The Humanity Of The Monarchy
When one side of the media – on the soundtrack of Oprah Winfrey’s dramatic sighs – berated the archaisms of the institution, and the other side clung to hailing praises on the patriotism of the condemned soldiers of the same, The Crown made me see middle ground.
I saw the royal family members, both insiders and outsiders, coming to terms with the cost of their titles; whose job profile: to be apathetic, is constantly tested; I saw the Queen’s indifferent limbs struggling to hug achingly sensitive Diana; I saw the stoic expression, hardened by years, unyielding and notoriously disarming; I saw each member of this cult, with witheringly bitter faces, so ganged up in their own chains that sympathizing with those struggling to breathe within it, is impossible for them.
As Prince Harry said about his father and brother in the Oprah interview, about them being ‘trapped’ and thus unable to help him out, I only saw the helplessness of the trapped.

The Harry/ Megan fallout then follows the tragic arc of Diana’s doomed future within the monarchy.
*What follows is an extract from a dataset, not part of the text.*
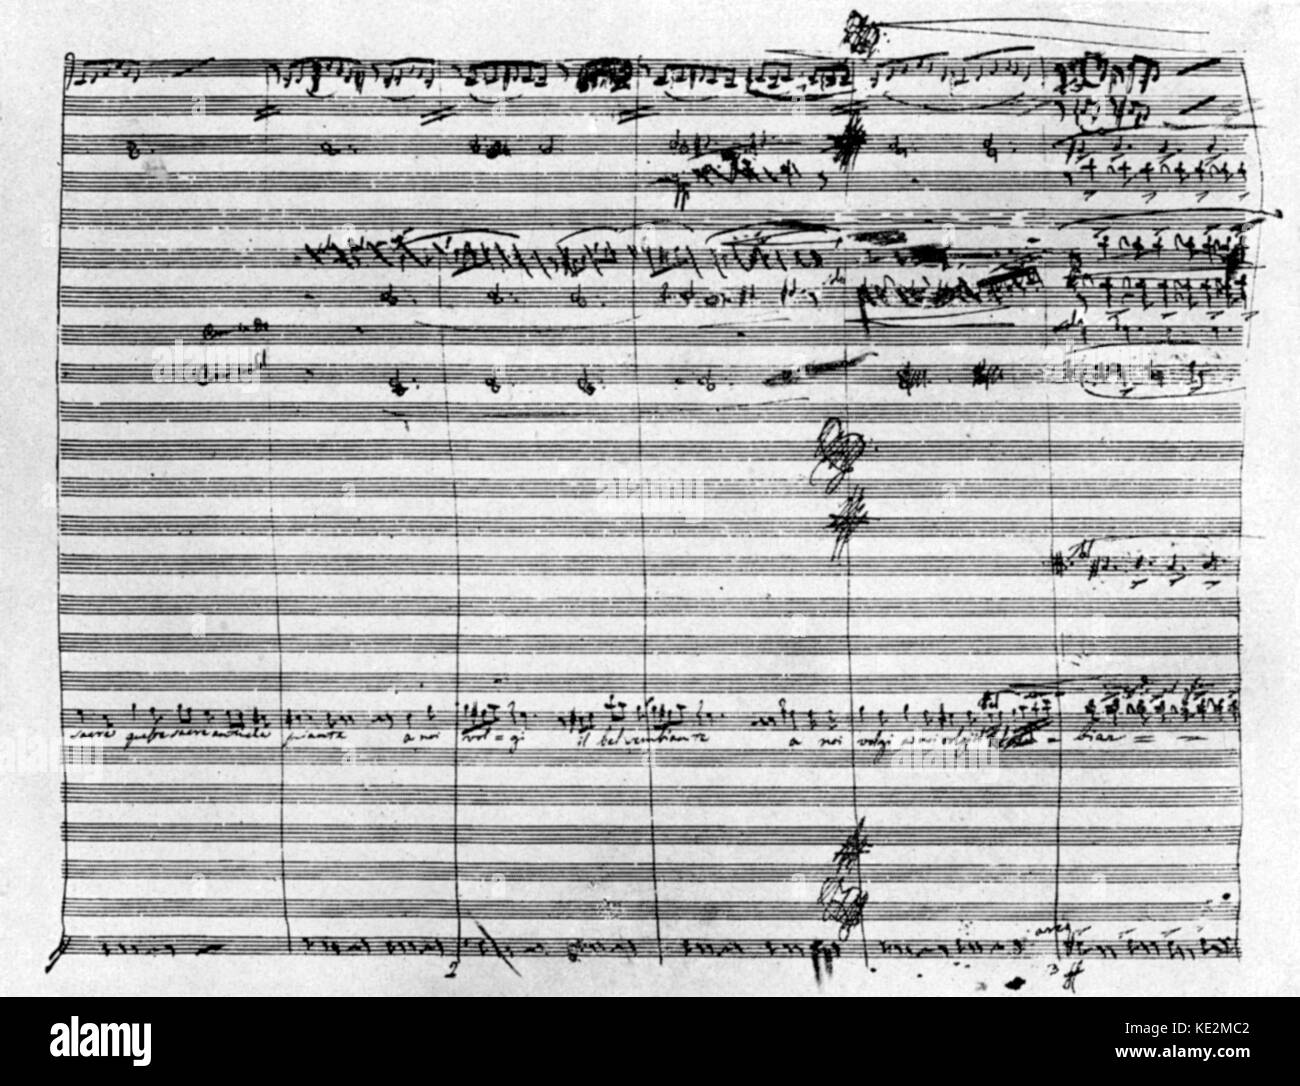 Vincenzo Bellini 's opera Norma - second page of the aria 'Casta diva…' in Italian composer 's handwriting, 3 November 1801 - 23 September 1835 Stock Photo - Alamy
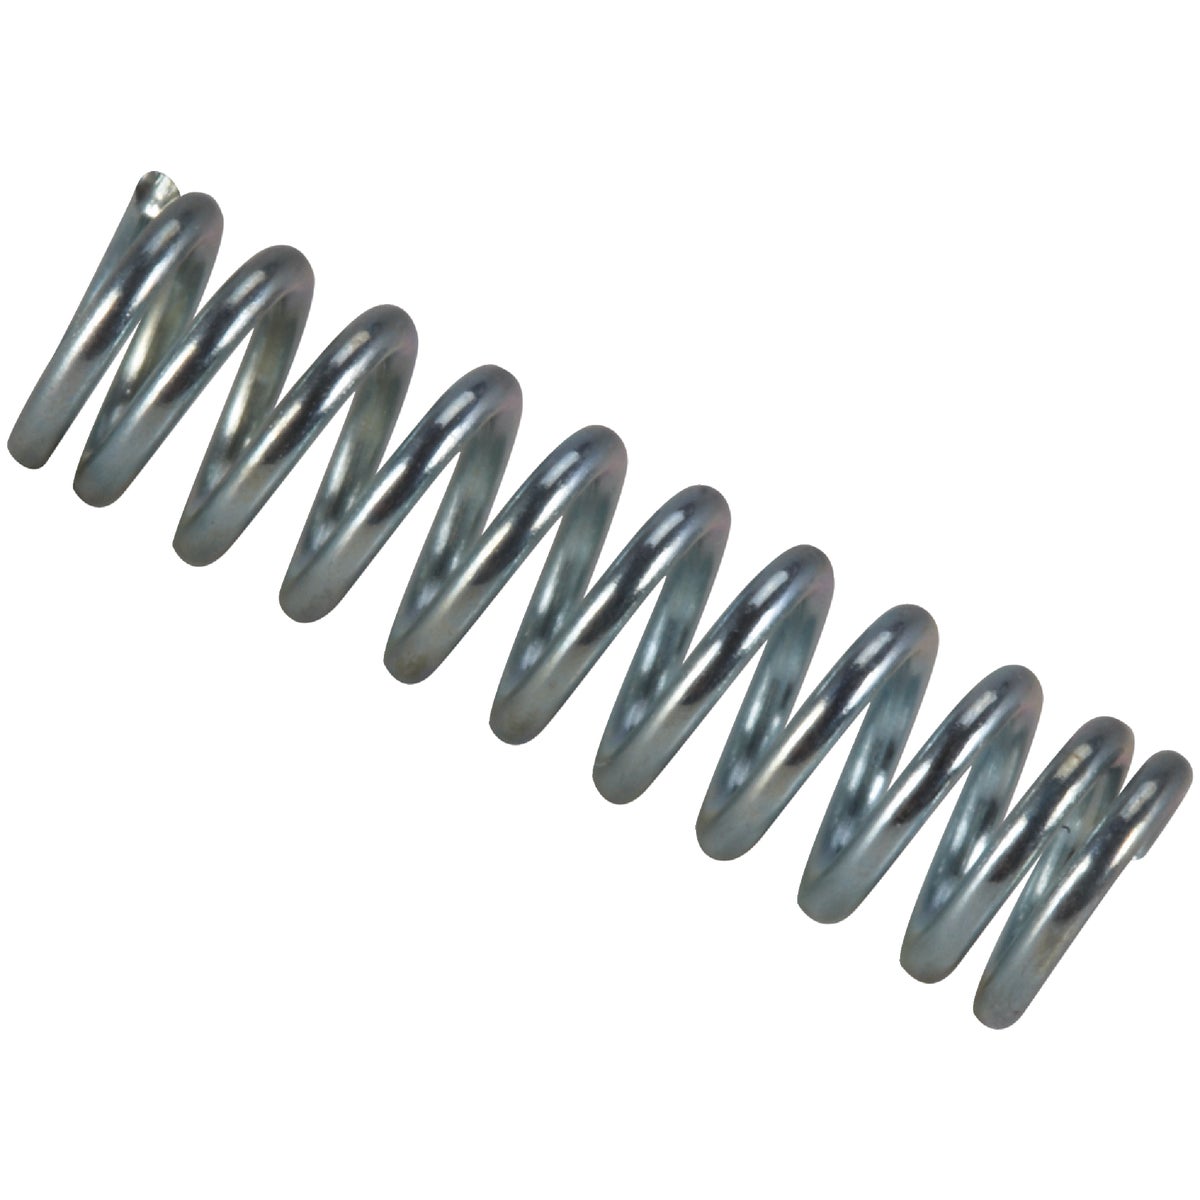 Item 749113, Open-coil helical spring contains the highest potential energy when the

Her royal love story became a cautionary tale but it also lent her a luminosity post her death. A symbolic, posthumous glow reflecting the fragility and poignancy of rebelling against the institution. Unlike the language that the news media has deployed to discuss the latest royal scandal, in the Crown, an aggressive silence does the heavy lifting in the royal feuds. Unlike the dramatic flourishes of newsreels, the lives of royals are so emotionally stilted that they can’t afford the luxury of speech.
These lives just live, talk, sit, and un-feel.
The royal family members, both reel and real, then become just a bunch of victims, who resent each other as well as a differently raced outsider, for stealing their victimhood; Diana’s and Meghan’s empire dethrones them from self-pity and villainizes their sacrifice – the sacrifice of failing to be a human first, and a servant later.